Unnamed: 0,make,model,year,engine_hp,engine_cylinders,transmission_type,vehicle_style,highway_mpg,city_mpg,price
0,BMW,1 Series M,2011,335.0,6.0,MANUAL,Coupe,26,19,46135
1,BMW,1 Series,2011,300.0,6.0,MANUAL,Convertible,28,19,40650
2,BMW,1 Series,2011,300.0,6.0,MANUAL,Coupe,28,20,36350
3,BMW,1 Series,2011,230.0,6.0,MANUAL,Coupe,28,18,29450
4,BMW,1 Series,2011,230.0,6.0,MANUAL,Convertible,28,18,34500


In [35]:
numerical = [column for column in df.columns if df[column].dtype in ('int64', 'float64') and column != "price"]
print(numerical)
categorical = [column for column in df.columns if df[column].dtype == 'O' and column != "price"]
print(categorical)

['year', 'engine_hp', 'engine_cylinders', 'highway_mpg', 'city_mpg']
['make', 'model', 'transmission_type', 'vehicle_style']


### Question 1

In [36]:
df["transmission_type"].value_counts()

transmission_type
AUTOMATIC           8266
MANUAL              2935
AUTOMATED_MANUAL     626
DIRECT_DRIVE          68
UNKNOWN               19
Name: count, dtype: int64

### Question 2

In [37]:
df[numerical].corr()

Unnamed: 0,year,engine_hp,engine_cylinders,highway_mpg,city_mpg
year,1.0,0.338714,-0.040708,0.25824,0.198171
engine_hp,0.338714,1.0,0.774851,-0.415707,-0.424918
engine_cylinders,-0.040708,0.774851,1.0,-0.614541,-0.587306
highway_mpg,0.25824,-0.415707,-0.614541,1.0,0.886829
city_mpg,0.198171,-0.424918,-0.587306,0.886829,1.0


highway mpg and city mpg have highest correlation

In [38]:
df["above_average"] = df["price"].apply(lambda x: 1 if x > df["price"].mean() else 0)
df.head()

Unnamed: 0,make,model,year,engine_hp,engine_cylinders,transmission_type,vehicle_style,highway_mpg,city_mpg,price,above_average
0,BMW,1 Series M,2011,335.0,6.0,MANUAL,Coupe,26,19,46135,1
1,BMW,1 Series,2011,300.0,6.0,MANUAL,Convertible,28,19,40650,1
2,BMW,1 Series,2011,300.0,6.0,MANUAL,Coupe,28,20,36350,0
3,BMW,1 Series,2011,230.0,6.0,MANUAL,Coupe,28,18,29450,0
4,BMW,1 Series,2011,230.0,6.0,MANUAL,Convertible,28,18,34500,0


In [39]:
# split your data in train/val/test sets with 60%/20%/20% distribution

p1 = 0.6  # Training
p2 = 0.2  # Validation
p3 = 0.2  # Test

df_full_train, df_test = train_test_split(df, test_size=p3, random_state=42)
df_train, df_val = train_test_split(df_full_train, test_size=p2 / (1 - p3), random_state=42)
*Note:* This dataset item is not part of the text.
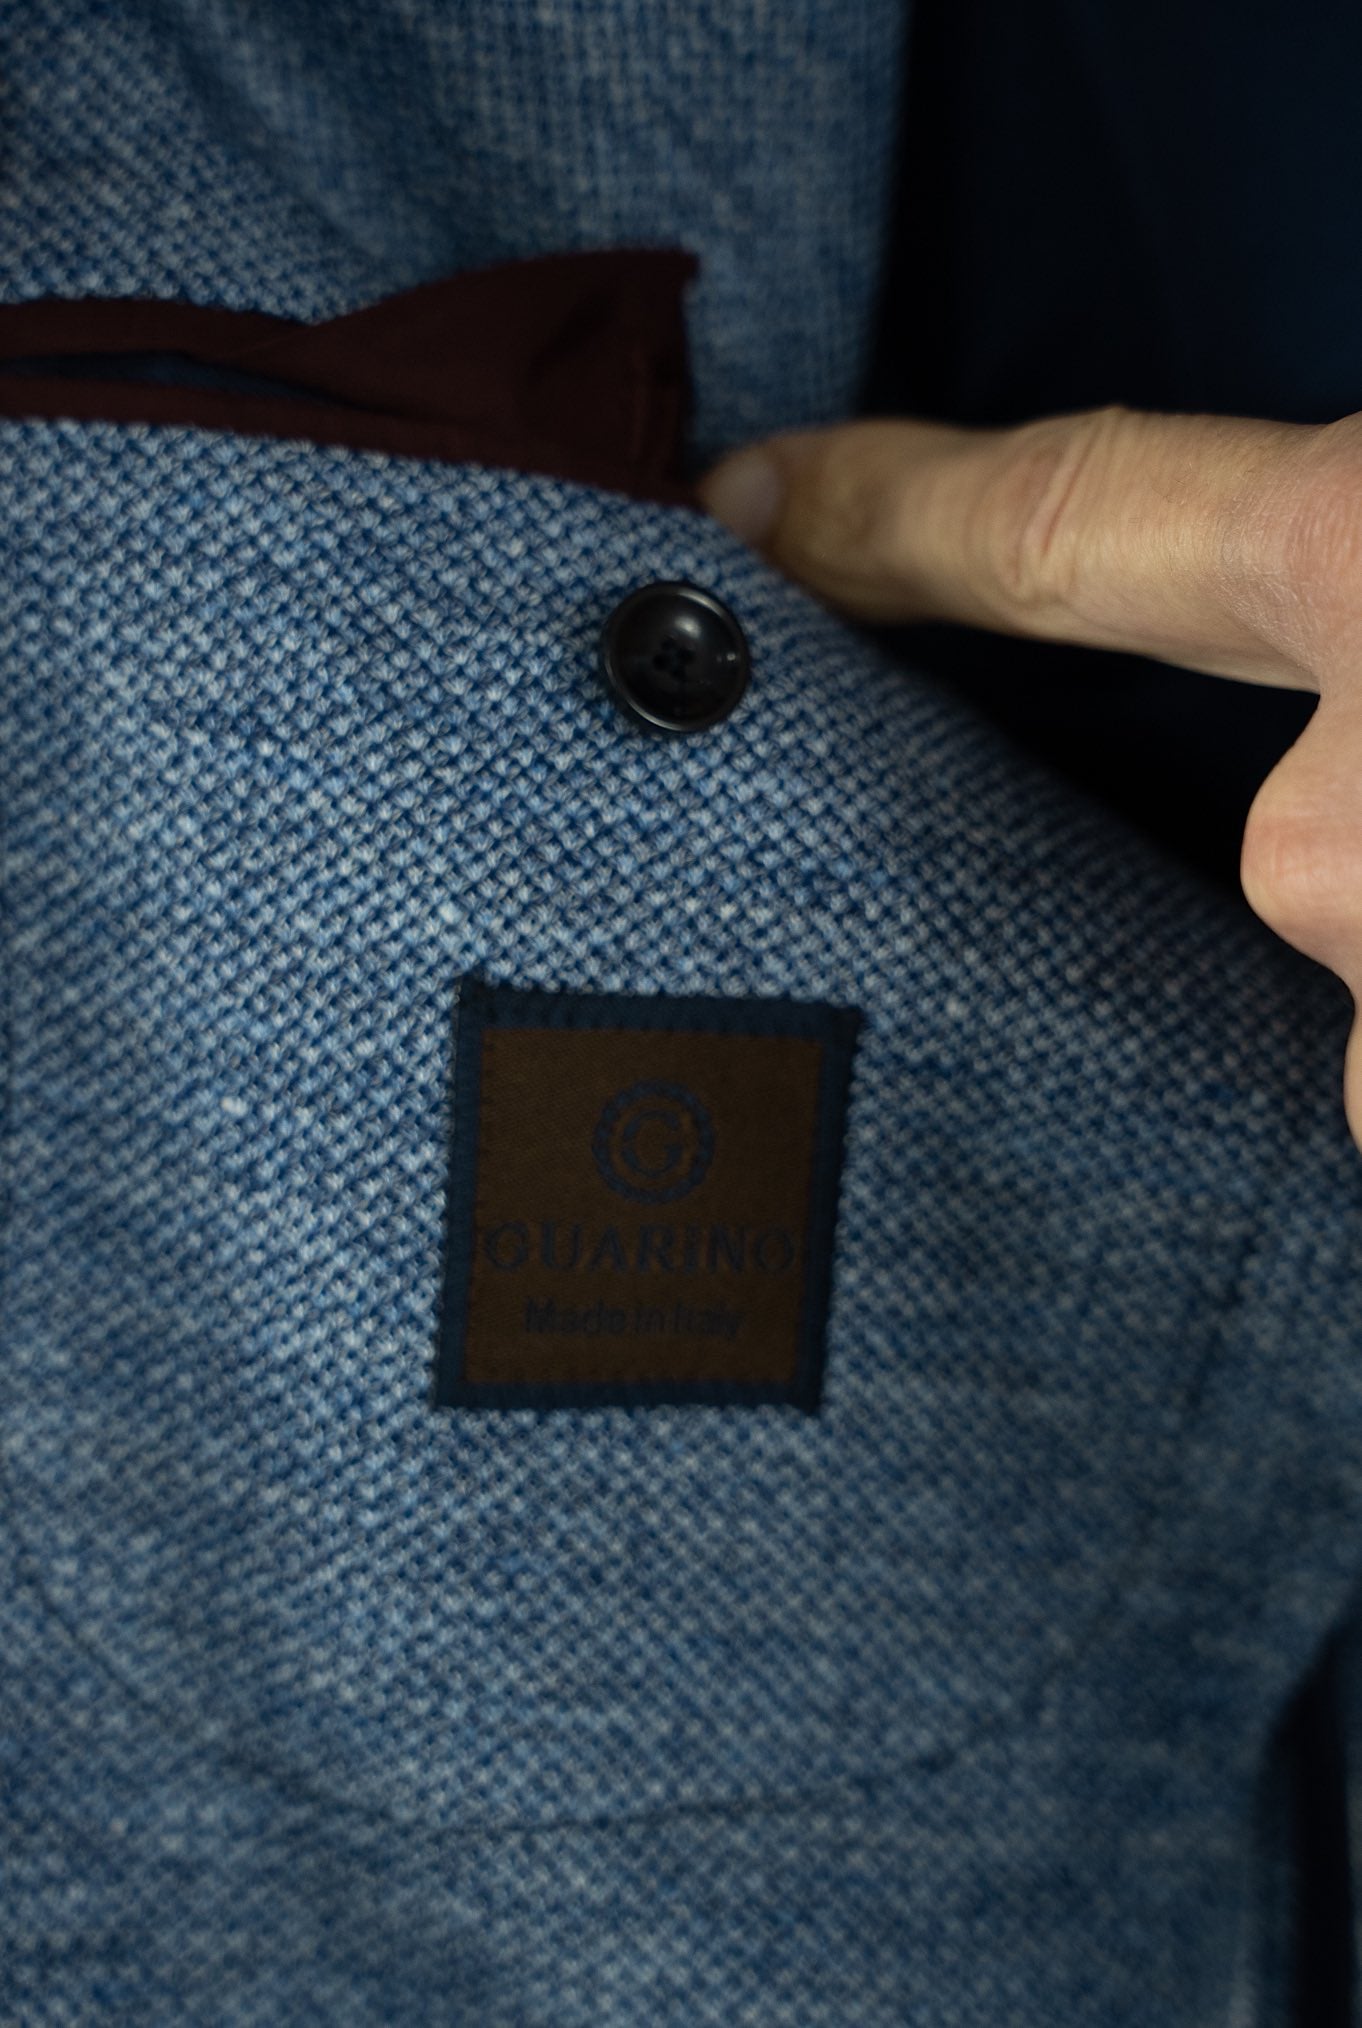 GUARINO Blue Mélange Cotton and Linen Jersey Jacket

print(len(df_train), len(df_val), len(df_test))

df_train = df_train.reset_index(drop=True)
df_val = df_val.reset_index(drop=True)
df_test = df_test.reset_index(drop=True)

y_train = df_train["above_average"].values
y_val = df_val["above_average"].values
y_test = df_test["above_average"].values

7148 2383 2383


### Question 3

In [40]:
def mutual_info_above_average_score(series):
    return mutual_info_score(series, y_train)

mi = df_train[categorical].apply(mutual_info_above_average_score)
mi.sort_values(ascending=False)

model                0.462344
make                 0.239769
vehicle_style        0.084143
transmission_type    0.020958
dtype: float64

### Question 4

In [41]:
dv = DictVectorizer()

train_dict = df_train[numerical + categorical].to_dict(orient='records')
X_train = dv.fit_transform(train_dict)

model = LogisticRegression(solver='liblinear', C=10, max_iter=1000, random_state=42)
model.fit(X_train, y_train)

val_dict = df_val[numerical + categorical].to_dict(orient='records')
X_val = dv.transform(val_dict)

y_pred = model.predict(X_val)
accuracy = accuracy_score(y_val, y_pred)
accuracy_rounded = round(accuracy, 2)
accuracy_rounded

0.95

### Question 5

In [42]:
feature_and_accuracy_diff = []
features = ["year",
            "engine_hp",
            "transmission_type",
            "city_mpg"]

for feature in features:

    remaining_series = [s for s in features if s != feature]

    dv = DictVectorizer()

    train_dict = df_train[remaining_series].to_dict(orient='records')
    X_train = dv.fit_transform(train_dict)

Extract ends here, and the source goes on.